How can we measure Fedora’s success?

DRAFT DOCUMENT

Background

The Fedora Project’s mission is to lead the advancement of free and open source software and content as a collaborative community.

Several years ago, the Fedora community put considerable thought and effort into high-level strategic planning, resulting in this mission statement, a vision statement, and I think most famously, the four foundations of Freedom, Friends, Features, First.

This was all great stuff, and I don’t think we’d be doing much good by going all the way back to first principles and redoing that particular level of soul-searching. (Although if you want to look back and see how it all started and how we got here, Máirín Duffy recently posted an impressive list of links into the history, starting with Mike McGrath’s much-shorter-than-this mailing list post.)

I particularly like that the mission is broad, aimed at advancing all of free and open source software (and content!), not just focused on packaging up the specific bits that make an operating system. It’s ambitious, and it should be.

Okay, so what?

Having figured out what we want to do, we can stop the introspection and start doing, right? Well, sure, but how do we know if what we’re doing actually advances us towards our goal? Do we do all of the things that might fit? What about when there’s a huge number of things we could do – how do we chose which is the most useful? How do we show other people that what we are doing is having a real impact?

This is where the title question comes in: How can we measure Fedora’s success?
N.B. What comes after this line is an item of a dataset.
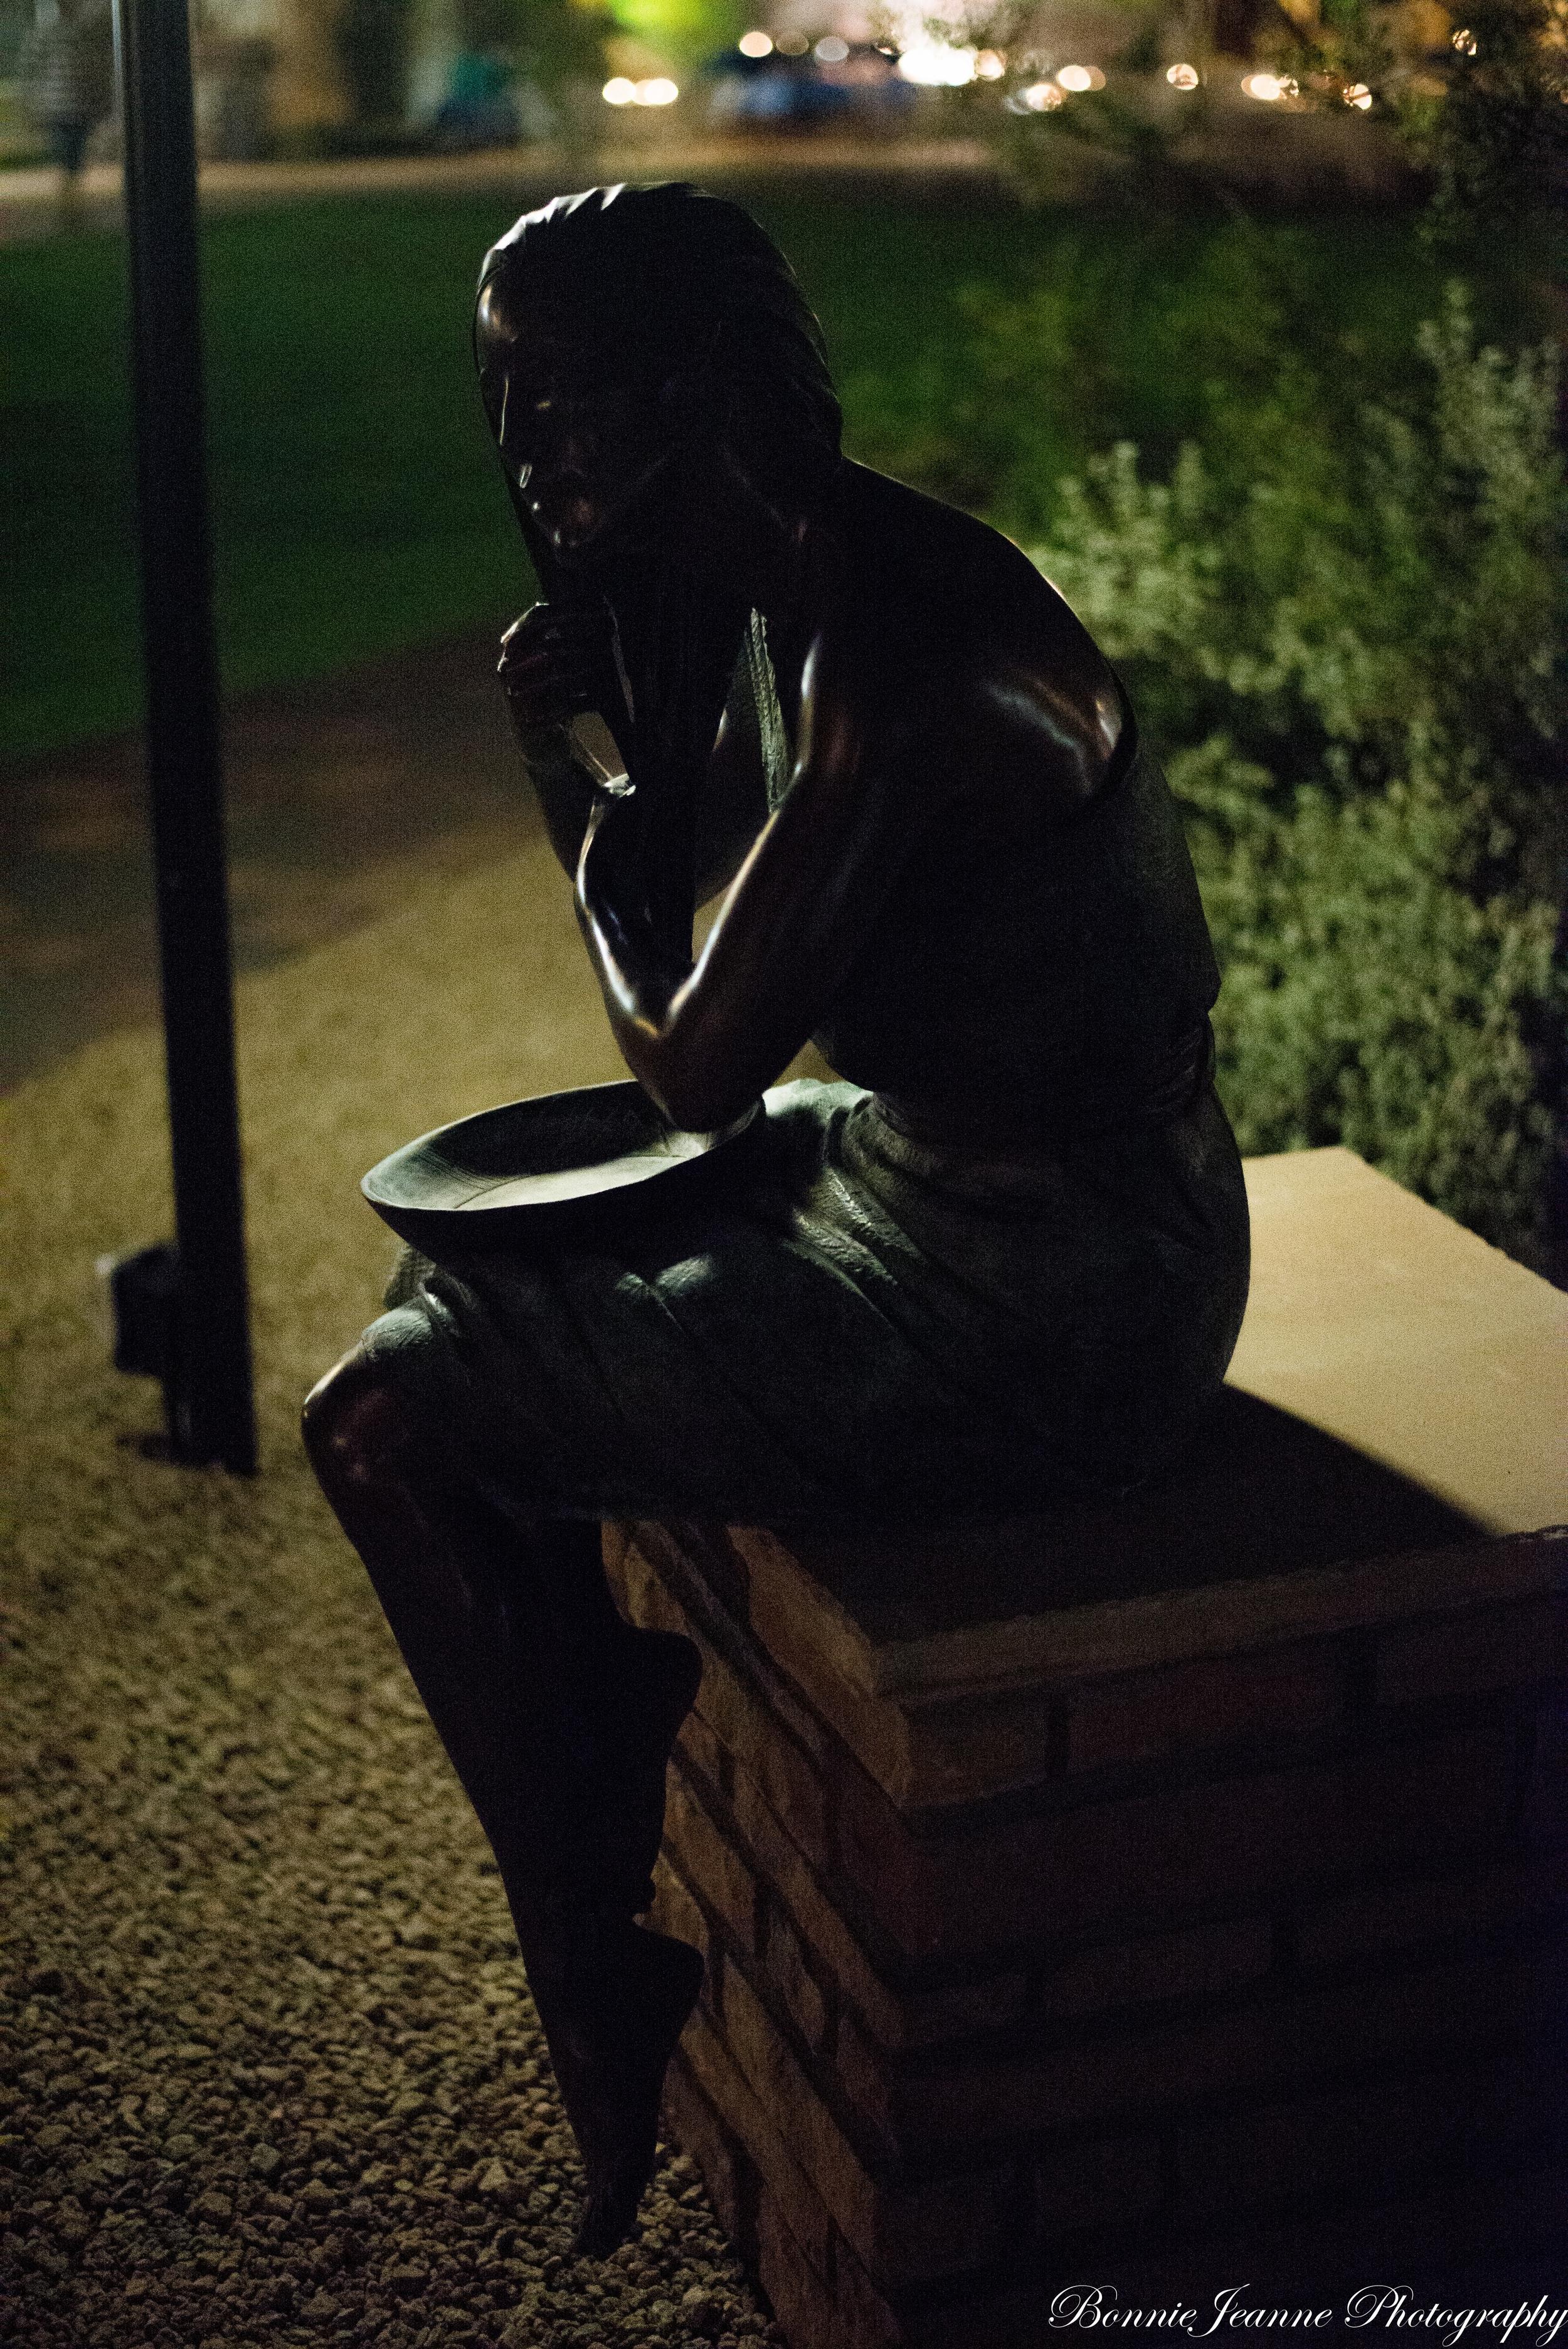 Contemplative Sculpture
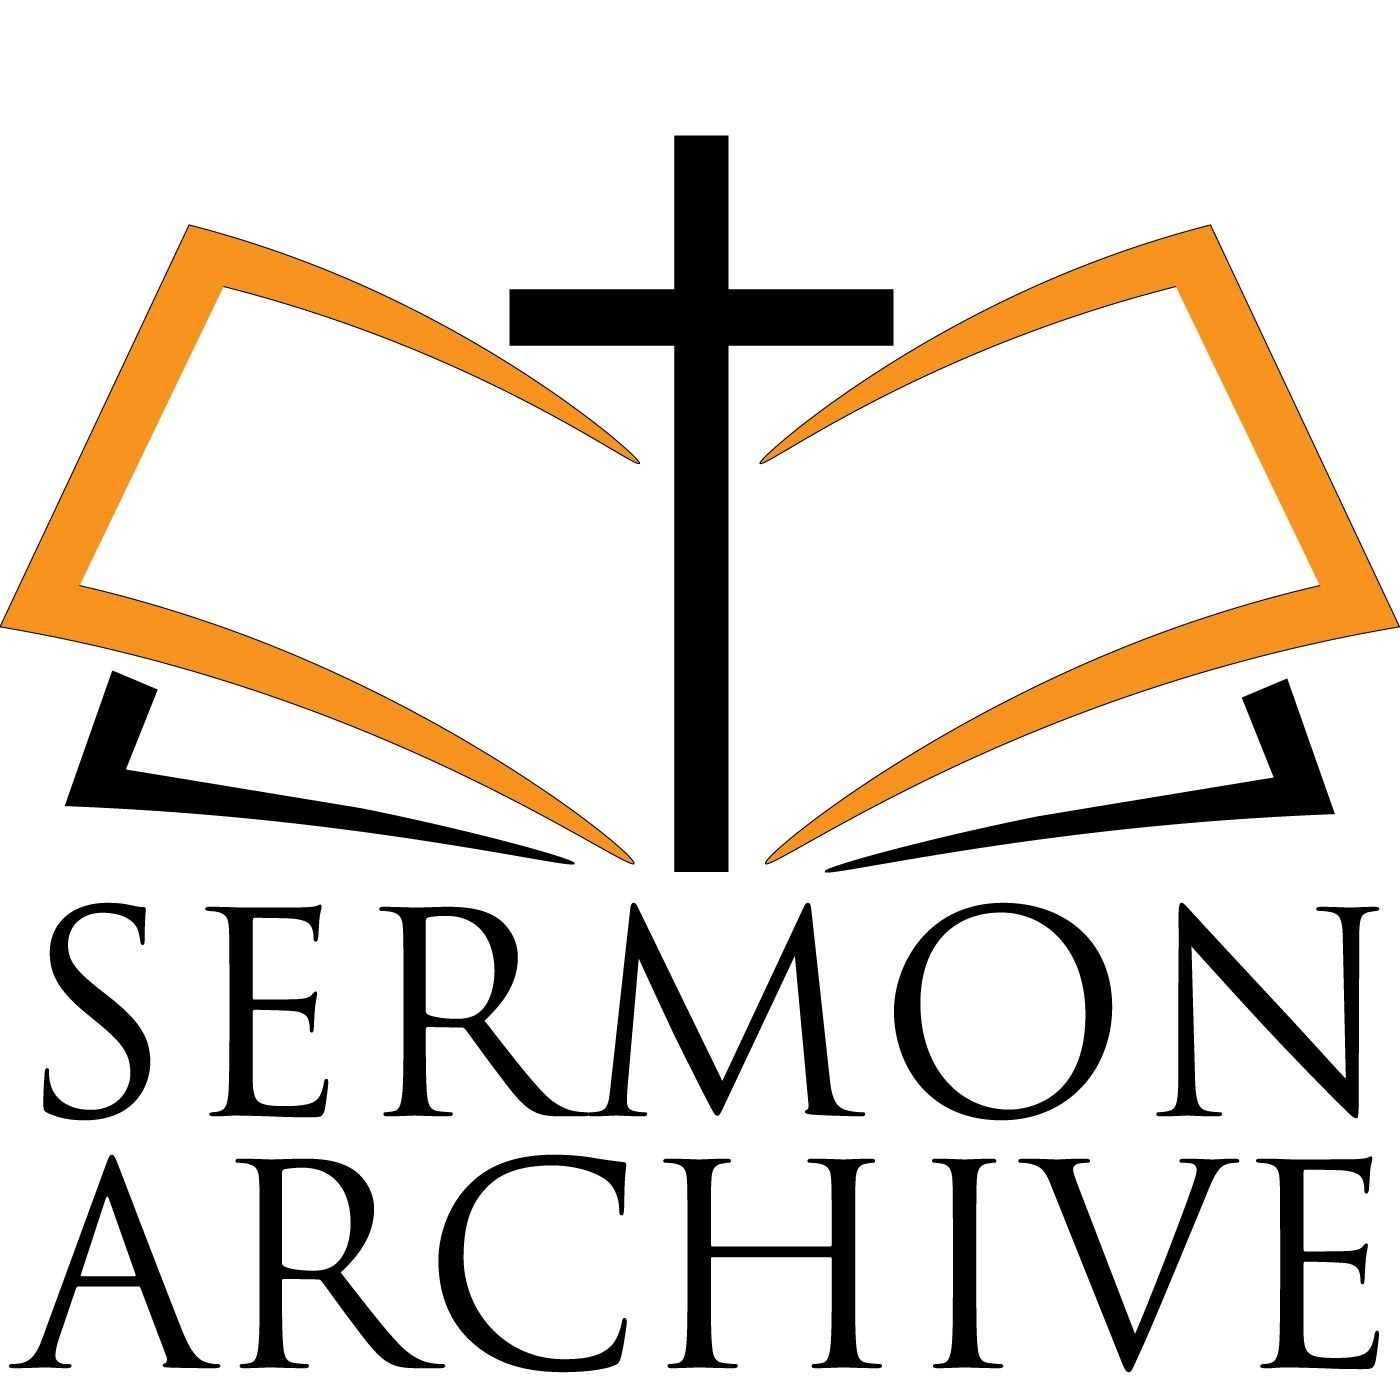 Communion Service - Dr. White - PM July 14 2019

If the mission were package all the software, we could tell how much progress we were making by counting the percent of all software packaged. Traditionally, one of the measures we’ve used is number of direct downloads. That’s easy to measure, but how much connection does it have back to the actual goal? We can also do some rudimentary measures of participation levels in the project itself – number of active packagers, mailing list traffic, badges earned, and so on. But these just measure how busy we are, not whether we’re actually accomplishing anything.

The Logic Model

All that makes it seem like maybe this is a trick question. Is our mission too vague? Is it hopeless? Actually, I think it just means we need to do the next phase of strategic planning.